=== YOUR GOAL ===
Below are some records; quote exactly the lines from the one that contains "Eyes: 2k Albedo Texture" through the one that contains "Underwear: 4k Unity", inclusive, and no others.

=== EXERCISE INPUT ===
• • • • •

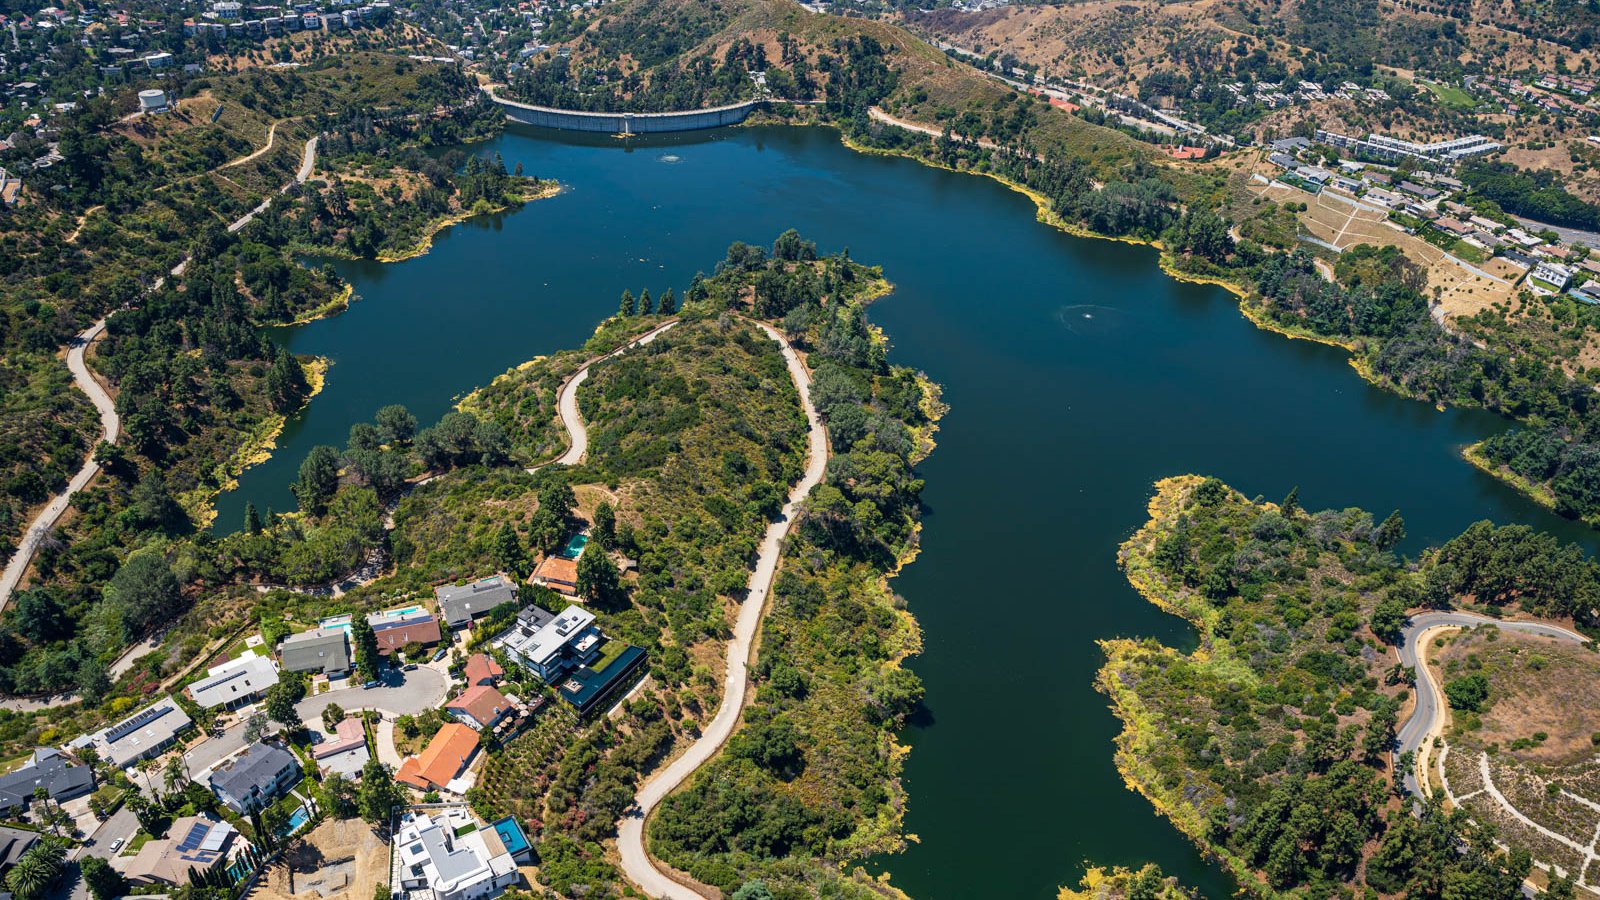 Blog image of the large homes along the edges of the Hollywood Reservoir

• • • • •

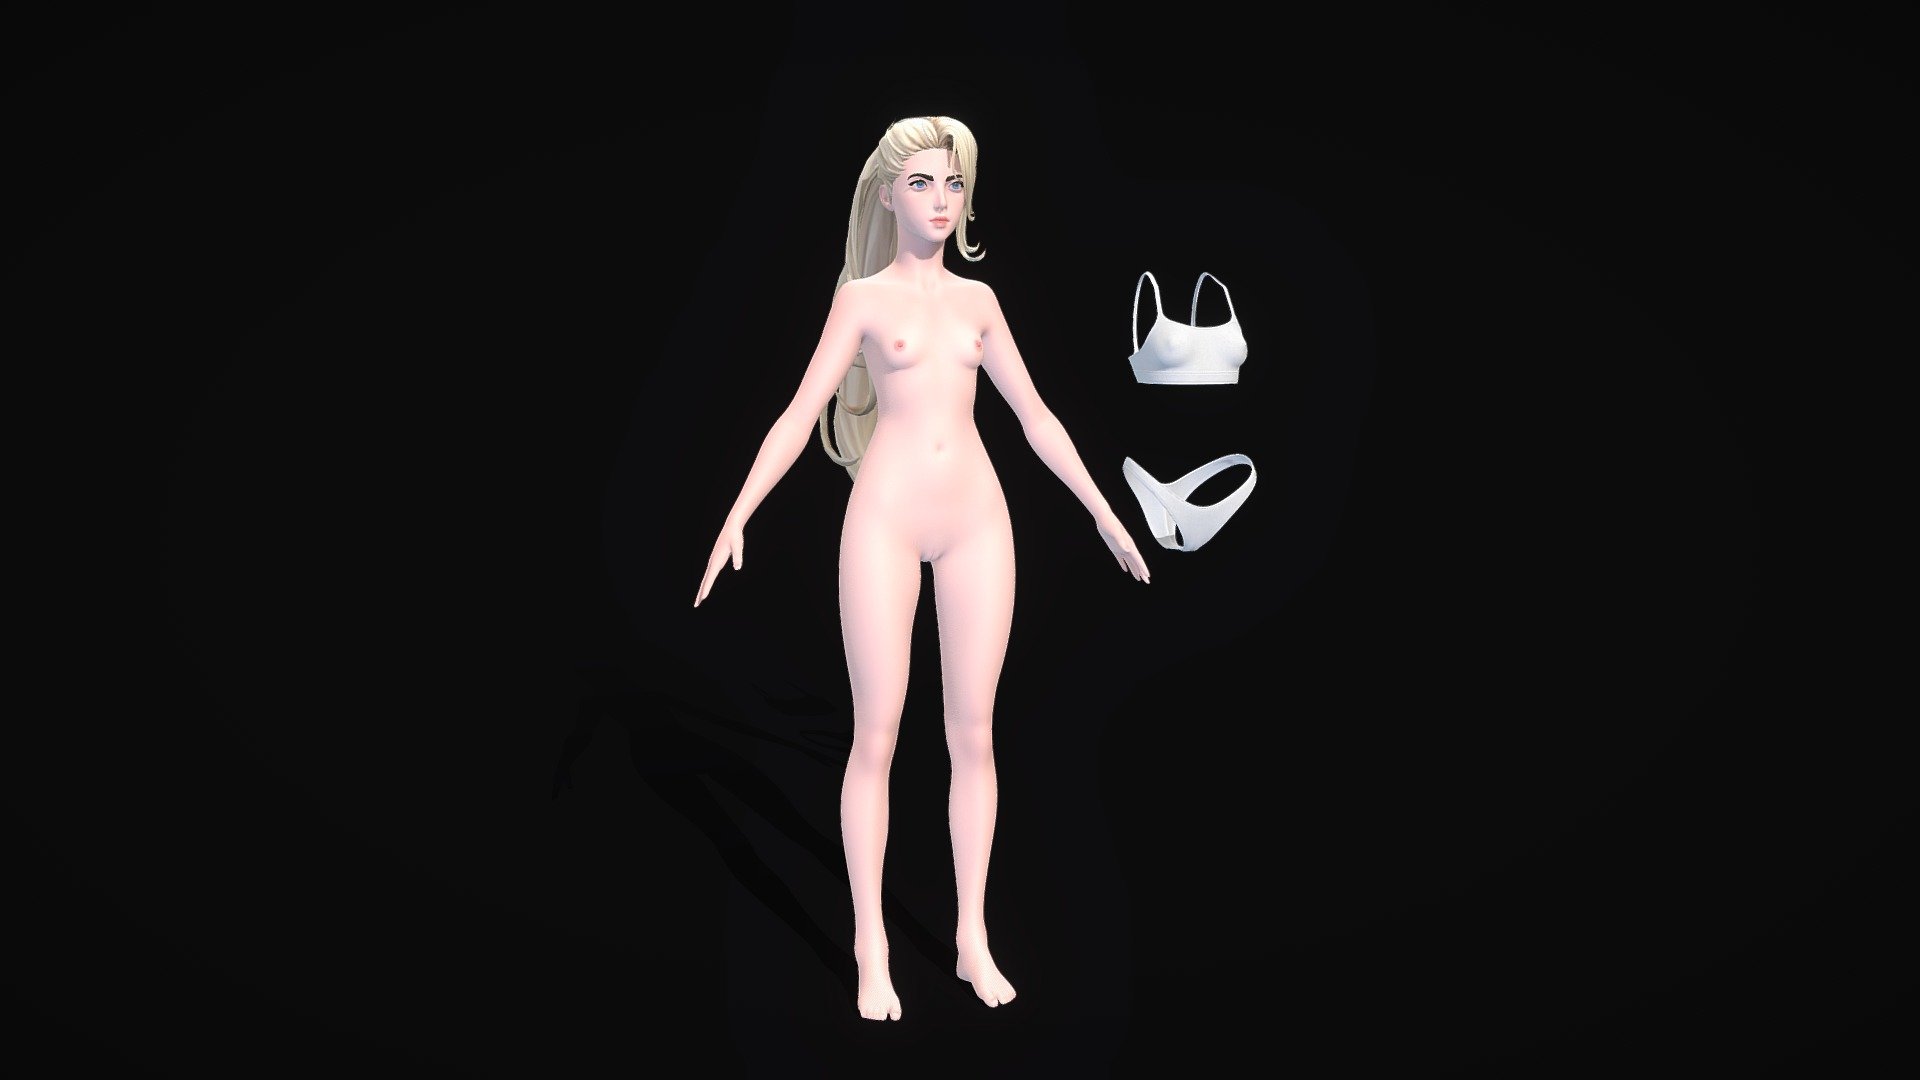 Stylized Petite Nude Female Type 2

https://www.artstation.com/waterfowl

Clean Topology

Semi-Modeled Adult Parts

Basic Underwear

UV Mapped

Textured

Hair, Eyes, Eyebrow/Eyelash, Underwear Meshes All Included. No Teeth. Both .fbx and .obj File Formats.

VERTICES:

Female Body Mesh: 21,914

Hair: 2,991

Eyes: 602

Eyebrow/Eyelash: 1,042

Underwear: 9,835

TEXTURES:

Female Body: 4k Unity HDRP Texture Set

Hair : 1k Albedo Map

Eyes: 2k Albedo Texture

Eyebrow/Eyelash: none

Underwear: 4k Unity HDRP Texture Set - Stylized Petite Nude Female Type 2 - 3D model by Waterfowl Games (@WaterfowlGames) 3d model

• • • • •

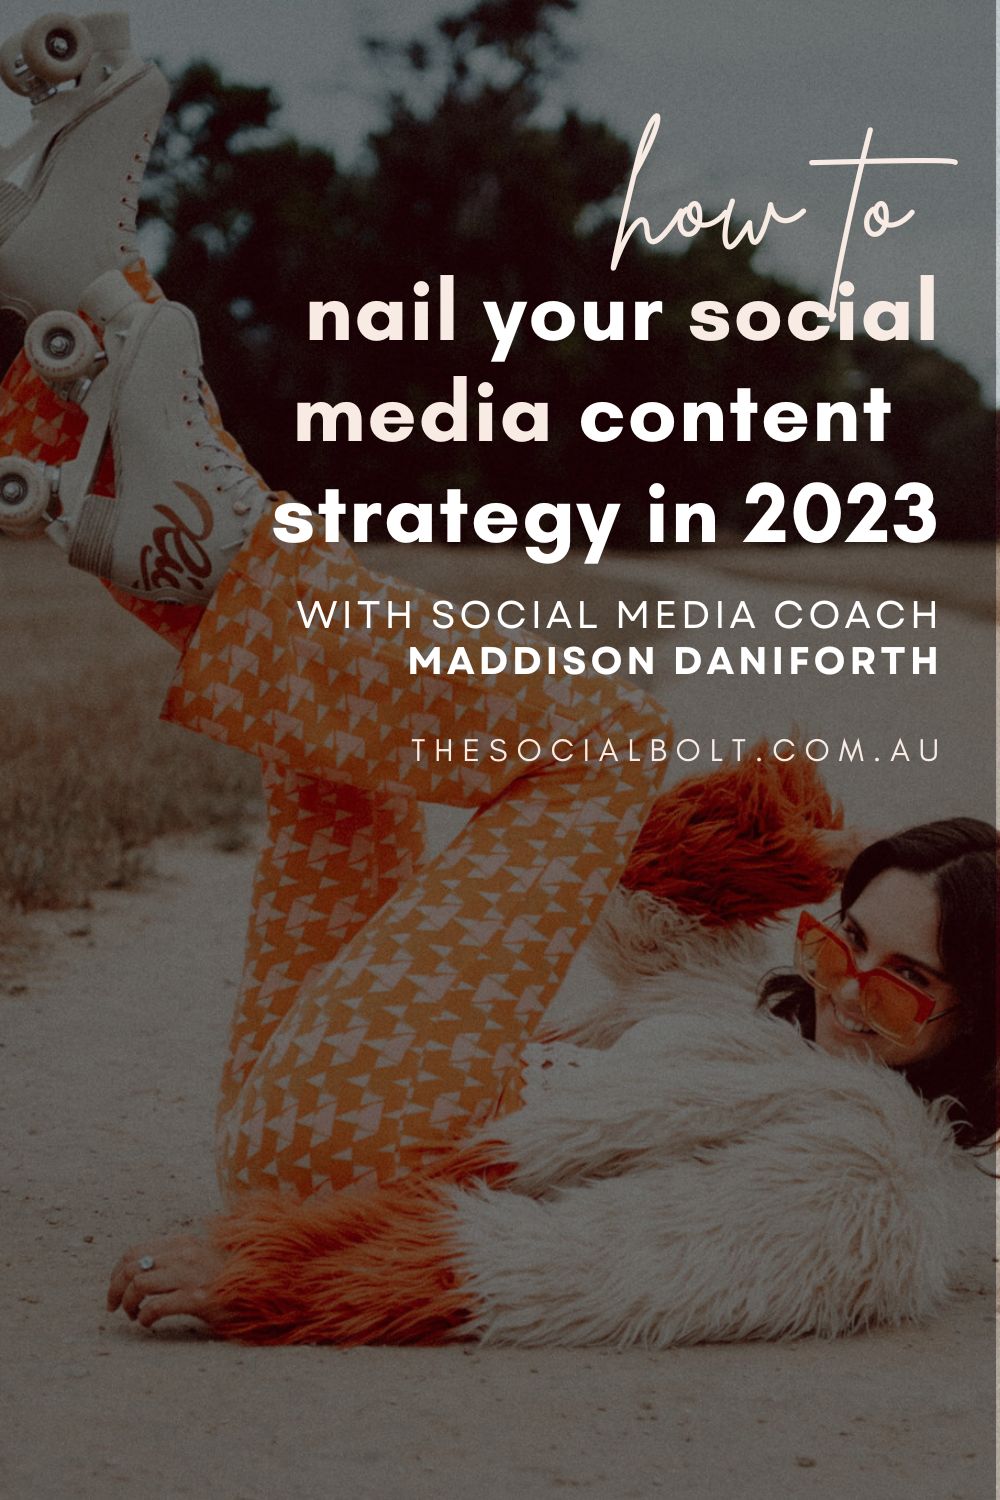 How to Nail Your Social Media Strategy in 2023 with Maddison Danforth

• • • • •

=== RESPONSE BELOW ===
Eyes: 2k Albedo Texture

Eyebrow/Eyelash: none

Underwear: 4k Unity HDRP Texture Set - Stylized Petite Nude Female Type 2 - 3D model by Waterfowl Games (@WaterfowlGames) 3d model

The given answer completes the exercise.